“Untersuchungen Zu Dynamischen Neuronalen Netzen [Studies of Dynamic Neural Networks]”, 1991-06-15 (; backlinks):
[GPT-3 translation of German abstract]
Since the seminal article by Williams, Hinton, and Rumelhart [RHW86], backpropagation (BP) has become very popular as a learning method for neural networks with and without feedback. In contrast to many other learning methods for neural networks, BP takes into account the network structure and improves the network on the basis of this knowledge.
Since a very remote past input has to influence the present output, if it is randomly selected, this input is very unlikely to influence the present state of the network. Hence BP algorithms do not detect the fact that this input is responsible for the output desired. Therefore, BP algorithms are very hard to train a network to remember an input until it is needed to produce a later output. Moreover, the public BP algorithms take a very long time to compute.
In many cases, though, one needs an input sequence, as in Mozer [Moz90], which learns to compose music, where musical pieces are repeated and later note pitches are determined by previous note pitches. Steers a vehicle in a labyrinth, and the network obtains the error information only if the vehicle is in a dead end, so back-propagated errors are needed. If a neural network controls a robot that performs a task, perhaps some preparatory tasks are necessary whose performance the system should remember.
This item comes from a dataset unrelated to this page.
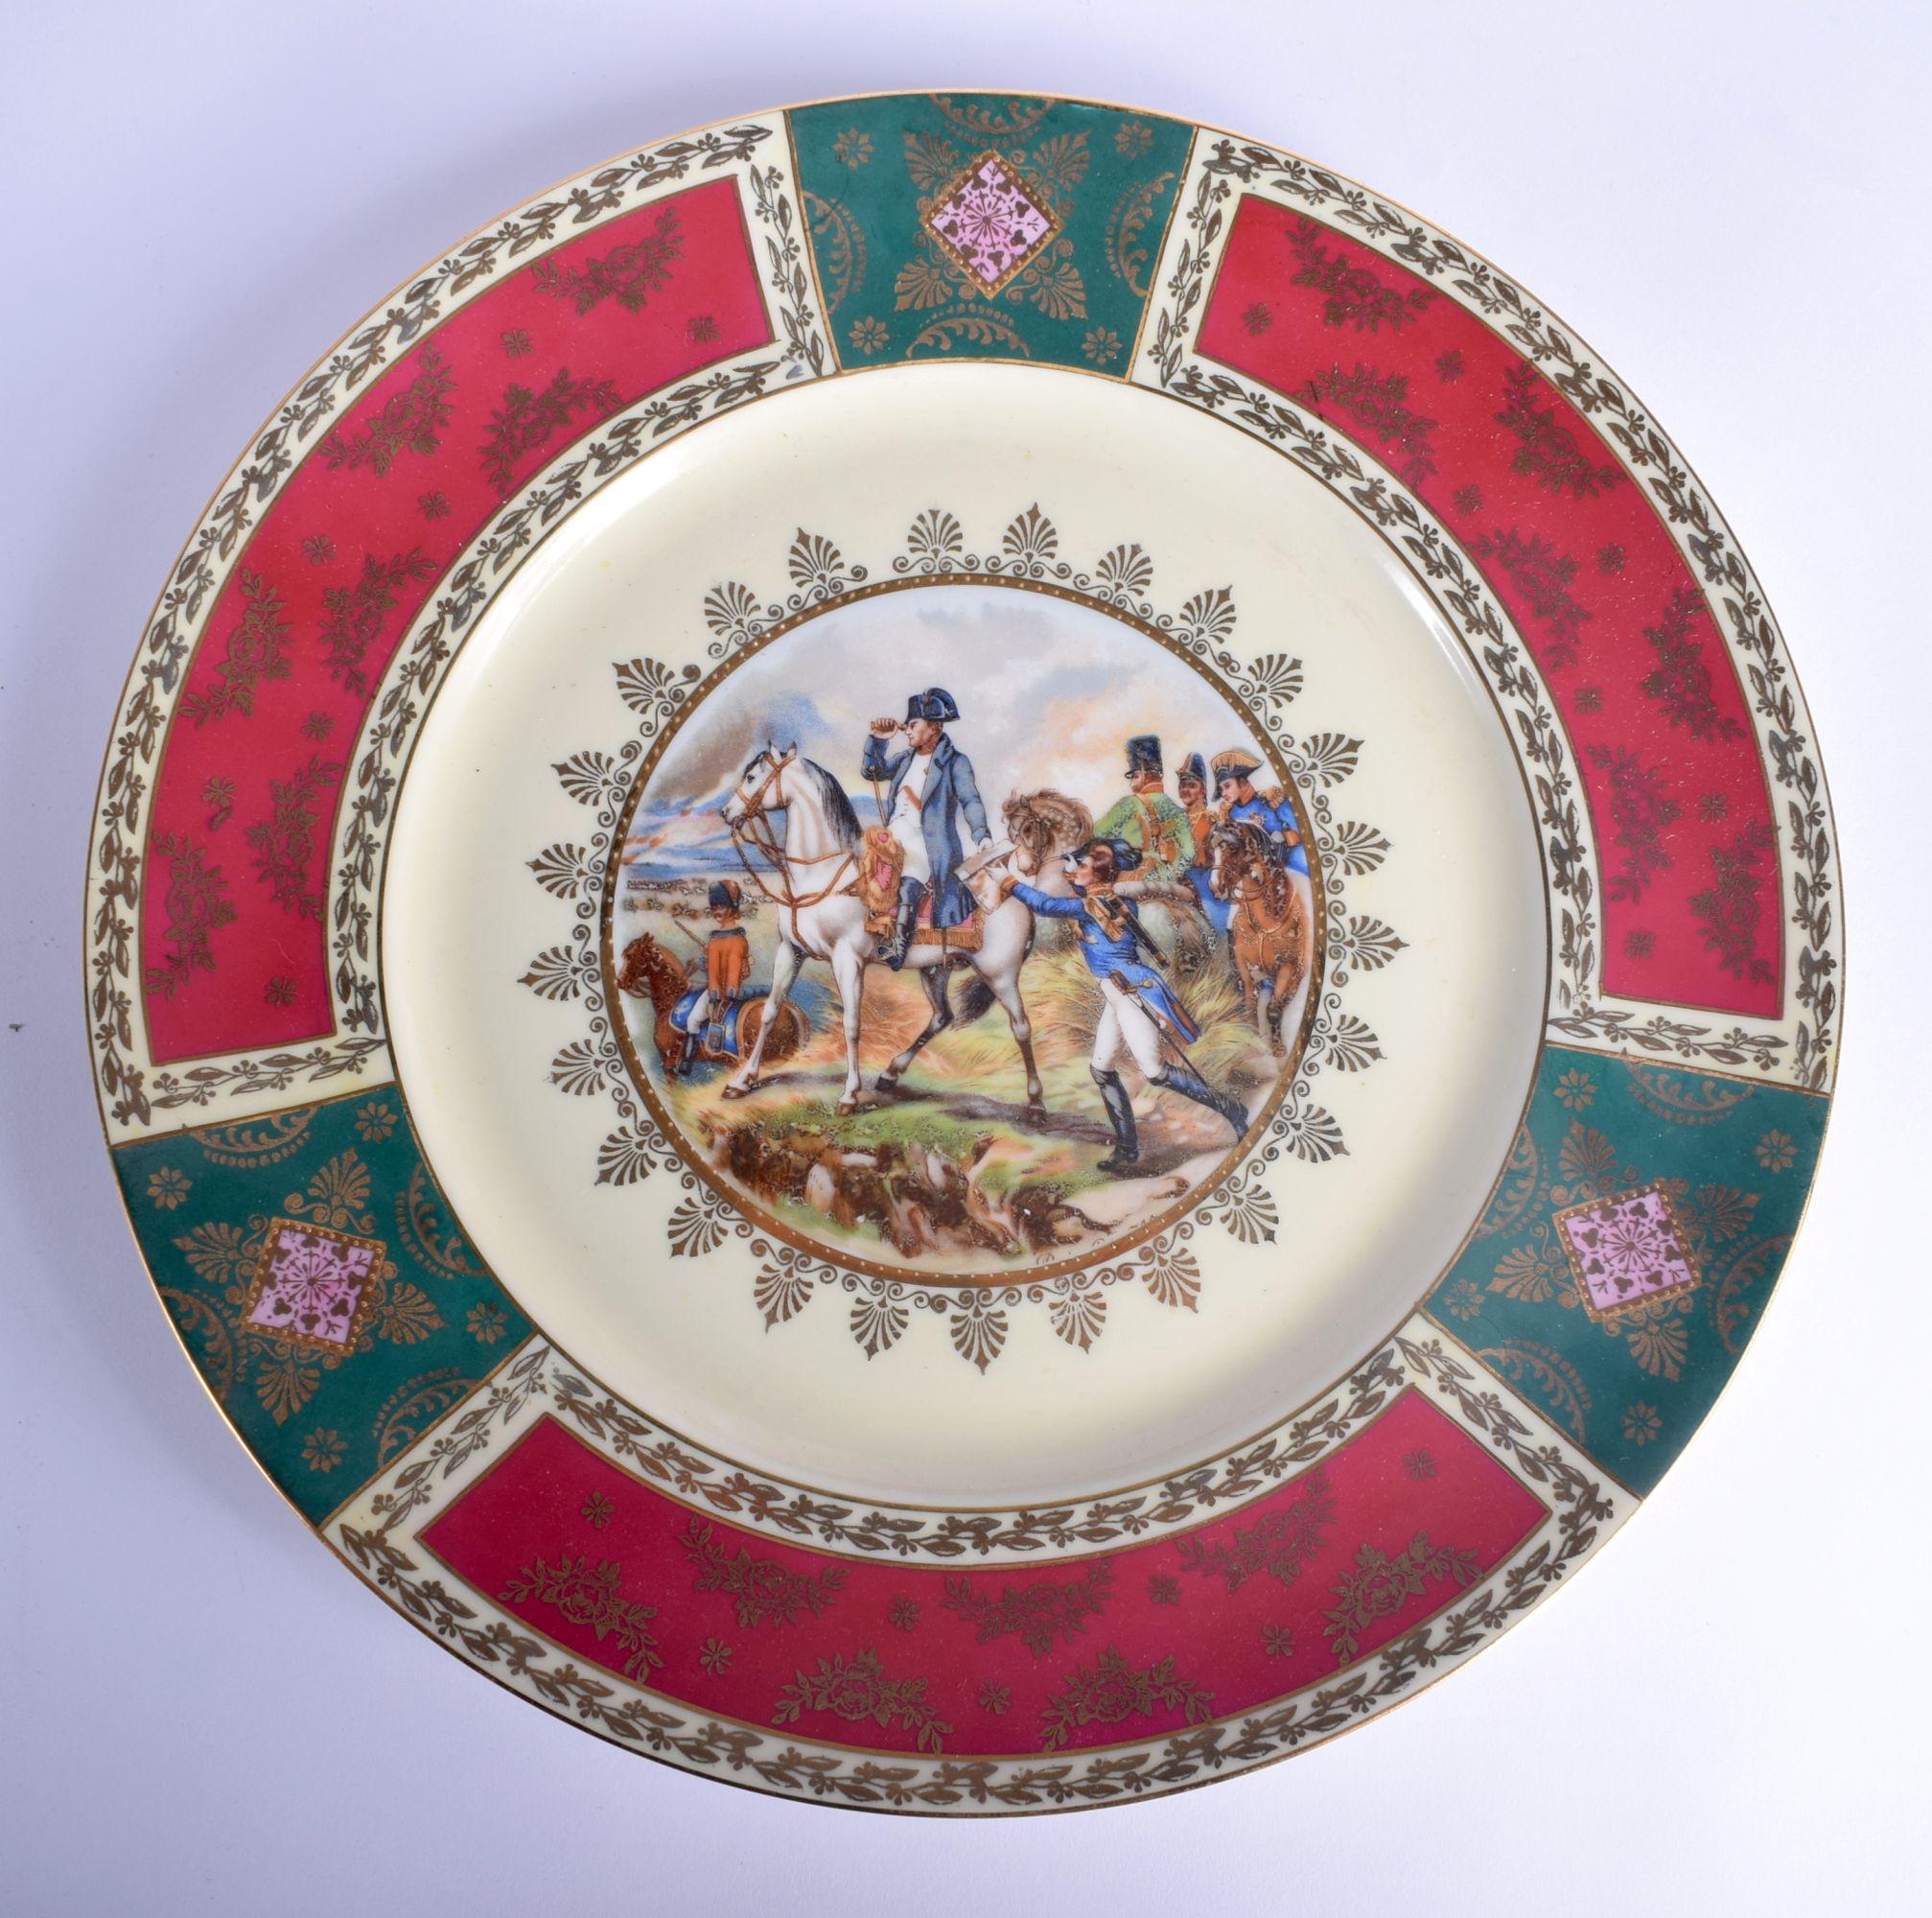 A VINTAGE J K CARLSBAD BAVARIA PORCELAIN VIENNA STYLE TEASET decorated with Napoleonic scenes. Large - Image 4 of 22

In this work, we investigate how to approach the problem of the long learning time associated with network inputs that are used later to control a desired output. This can be done either by means of the network architecture or by using the structure of the input sequences. In Chapter 4, a network is built so that inputs that are received at long delays are considered better than in the usual network architecture. Here, ‘storage nodes’ are introduced, which can carry information about an arbitrarily long time interval. The shortening of the input sequences, while retaining all relevant information, is investigated in Chapter 3. When a shortened input sequence must be recognized within this not so far back into the past, to recognize the relevant inputs. In Chapter 1 the used BP-Learn algorithms are presented, which are then in Chapter 2 analyzed to determine the cause of the long learning time to learn to store past inputs. To the algorithms it should be said that in some cases these were slightly modified to save computational time. The problem of resource acquisition occurring in Chapter 3 and 4 methods is addressed in Chapter 5.
The described experiments were performed on Sparc-based SUN stations. Due to time-resource constraints, algorithm comparison tests could not be carried out in the desired extent. There were trials that ran for up to a week on these machines, but other processes with higher priority were also running on these machines.
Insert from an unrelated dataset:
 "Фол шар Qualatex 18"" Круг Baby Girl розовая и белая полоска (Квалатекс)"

The definitions and notations in this work are not those commonly used in studies of neural networks, but they are introduced here only for this work. The reason is that there are no uniform, fundamental definitions for neural networks on which other authors would have based their work. Therefore, it is not guaranteed that there are no inconsistencies in the definitions and notations with other works.
These results were not all mathematically proven, as the work does not claim to be a mathematical analysis of neural networks. It is also difficult to find simple mathematical formalisms for neural networks. The work will rather describe ideas and approaches to see if it is possible to get a better grip on the problem of the long learning time for important previous inputs.
Besides the methods described here for learning in non-static environments, there is also the approach of the “Adaptive Critic”, as described in [Sch90a] and [“Recurrent networks adjusted by adaptive critics”]. The approach of “fast weights” by Schmidhuber [Sch91b] founds a storage function, although with a completely different approach than in Chapter 4, where a storage is also constructed.